She went to the living room, .38 in hand, before I was dressed. I changed my mind, yelled for her to wait for me to open the door. Her skin was still damp and she smelled like hot love and interrupted orgasm wrapped around sudden concern and profound anger. The swarthy Eskimo wanted any woman who had dared come to my door this early to know this was her goddamn territory. She had cheated on me with the Russian and was still convinced I had a chick on the side. Her guilt needed me to be as wrong as she was so she could validate herself, could have a reason to keep that expensive guitar her other lover had dropped in her lap for her birthday. I was away from Garrett, back to dealing with my personal life. She had searched, needed me to have another lover. Her wish had almost come true last night. I would have crossed the pond.

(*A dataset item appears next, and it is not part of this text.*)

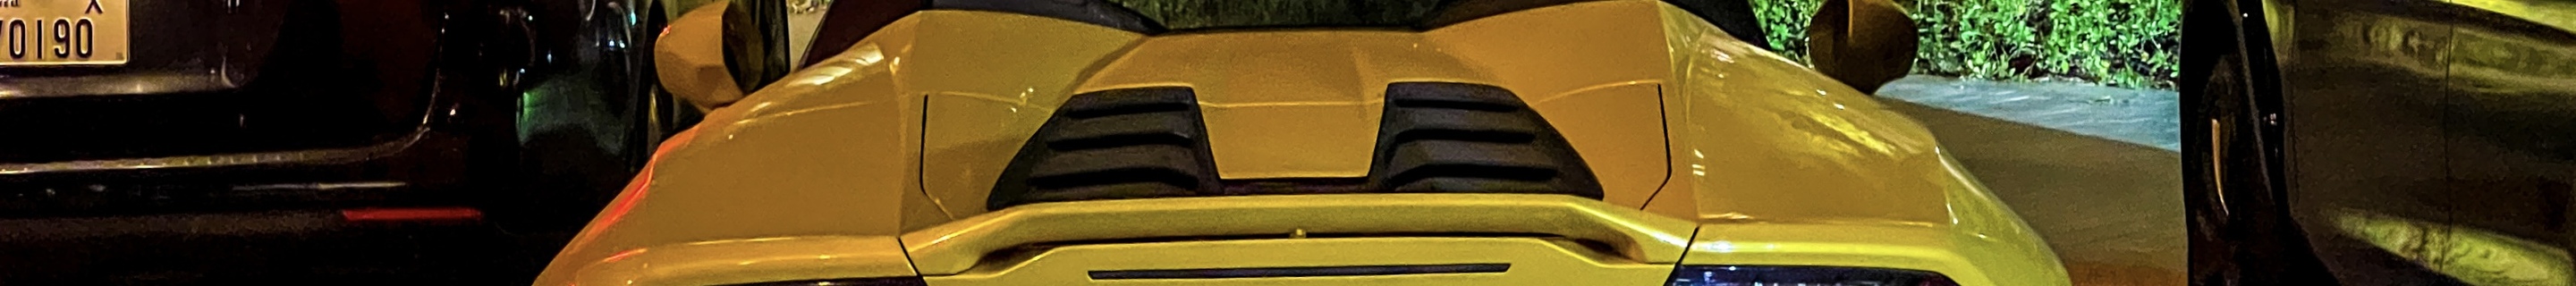 Lamborghini Huracán LP640-4 EVO Spyder

Because of that guitar. I would have crossed that pond to make myself feel better.
But instead, I almost ended up drowning in a pond in a former sundown town.
I looked out the window. Saw Bernice. She saw me and walked away. Then she came back, laughing, her company at her side, his arms around her. I walked away from my window.
Rachel Redman opened the front door and attitude filled up the apartment.
Negativity came in like a monsoon. There was chatter out front.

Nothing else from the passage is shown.